Gore Verbinski (Mouse
Hunt, The Mexican, The
Ring) may be at the helm of the ship, but its architect is
producer Jerry Bruckheimer, one of the most influential people in
Hollywood and one who really knows how to sell a ton of popcorn to
his audiences. At one point this summer, he had the top two pictures
in release (Pirates, Bad
Boys II). And the Walt Disney Company couldn't be happier that
the Caribbean is real close to their heart and their Florida theme
park. With Pirates and its
other fish-out-of-water tale, Finding
Nemo, Uncle Walt's family finds itself with nearly 19% of the
boxoffice market share this year.
Artistically, the film is a jolly
roger rollercoaster of fun. The screenplay and screen story by Ted
Elliott and Terry Rossio, who teamed up for Shrek
and The Mask of Zorro,
among other films, with input from pirate buff Stuart Beattie and
Jay Wolpert (The Count of
Monte Cristo), both of whom provided earlier drafts. Of course,
this wasn't the first film Disney based on a theme park attraction.
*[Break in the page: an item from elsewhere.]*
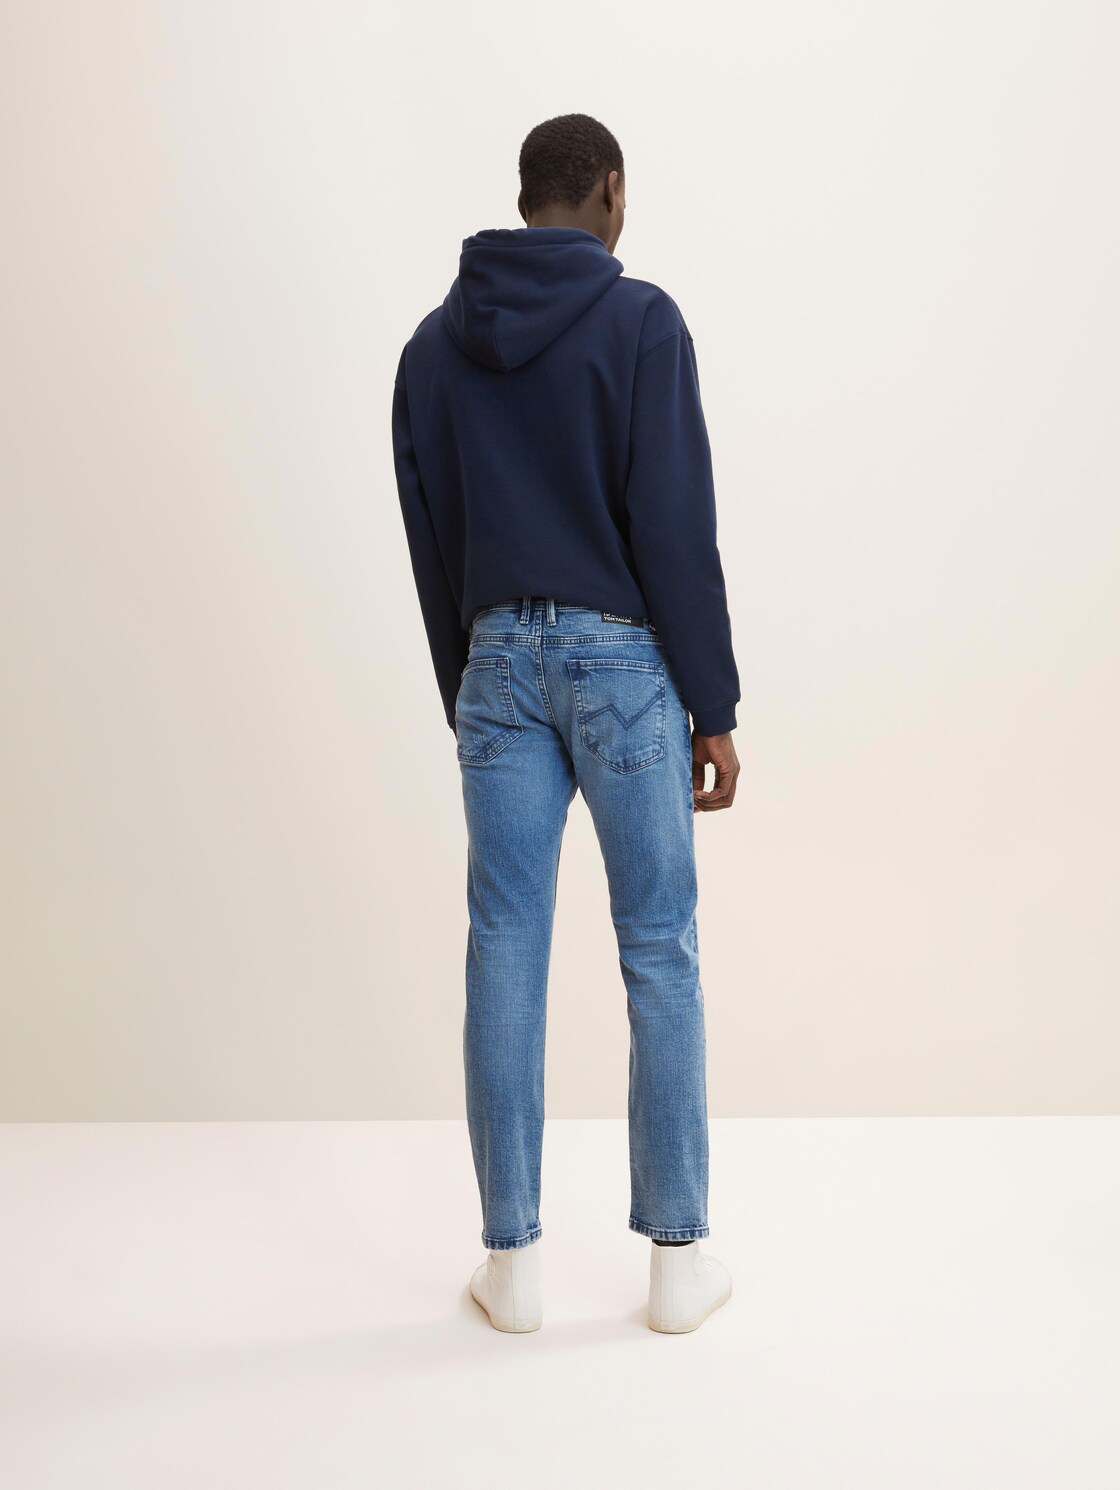 TOM TAILOR DENIM Herren Piers Slim Jeans, blau, Gr. 33/34 3

That is going to make a great trivia question some day. (The Answer:
The Country Bears.)
In general, pirate movies, like
westerns, don't seem to have large audience appeal these days. Kevin
Costner seems to have reinvented, again, the latter genre with Open
Range, while Pirates of
the Caribbean was certainly touch-and-go before its release,
based on more recent swashbuckling duds, particularly Renny Harlin's
Cutthroat Island. For
those old enough to remember The Pirate Movie (1982), now there was a disaster of a buccaneer
movie that should have killed off the genre. It was so bad the
entire preview audience was talking back to the dreadful dialogue,
at least making it a memorable evening.
Thank you, Mr. Bruckheimer, for
bringing back the dead.
Does it grab you from frame one and
maintain its comic rapture for the next 200,000 frames? For the most
part, yes, and it's mostly because of Johnny Depp's infectiously
irreverent performance as Jack Sparrow, a devilish rogue of a pirate
with the audacious street smarts of an eighteenth-century MacGiver
decorative makeup hints courtesy of Marilyn Manson, and some hair
coiffing left over from his brief work in Terry Gilliam's failed Don
Quixote project. Dr. Rick Glassman is given suitable credit for
Depp's "Dental Special Effects."
After a prologue that tickles your
interest, we’re pushed ahead several years to the bustling Port
Royal, where a young girl has blossomed into Elizabeth Swann (the
statuesque Keira Knightley, who reminds me of Brooke Shields),
daughter of the port's Governor (Jonathan Pryce). The Gov wants his
strong and independent offspring to marry the ambitious and pithy
Captain (soon to be Commodore) Norrington (Jack Davenport), a
villainous authoritarian nincompoop cut from the same mold as Don
Rafael Montero in Elliott and Rossio's The
Mark of Zorro. She'd rather not. Then, Sparrow makes a grand
entrance aboard (barely) a sinking ship and soon befuddles most of
the unbelievably gullible British Navy with tall tales, derring do,
and a great deal of amusing double talk. Lives intertwine. It's all
quite hilarious.
But darkness fogs the landscape and
some old, now ghostly, pals of Sparrow arrive in town aboard that
cursed Black Pearl, proceeding to ransack the neighborhood and
provide some enjoyable gallows humor, where Jack misses a dawn
appointment. It seems he's busy elsewhere, with master craftsman
Will Turner (Orlando Bloom) -- who has a distant wanting for
Elizabeth -- hijacking the fastest ship in the British fleet. The
kidnapped modern miss, who seems peculiarly well versed in the
"Code of the Pirates" (i.e., running gag), discovers the
ghastly secret of Captain Barbossa (Geoffrey Rush) and his
blunderful, plunderful crew.
The pirates, with their skeleton
crew, and the prissy Brits crisscross the haunted high seas, doing
battle and crossing swords on numerous occasions, often stopping
midstream to spit out some barbaric one liners or grizzled
silliness. None of the living stop to think "Why are we firing
weapons of mass destruction against people who are already
dead?" but no one seems to care! There's talk about 882 Aztec
gold trinkets and the curse of Cortez, of a blood sacrifice on Isla
de Muerta (an island set on loan from Raiders
of the Lost Ark), and quite a few other Saturday afternoon
serial shenanigans. It all makes for a feel-good summer adventure,
even if it sags as it stretches past the second hour.
Pirates
of the Caribbean has a
infectious robust comic vanity about itself that makes for a jovial,
seafaring adventure. It's quite a curse of a film.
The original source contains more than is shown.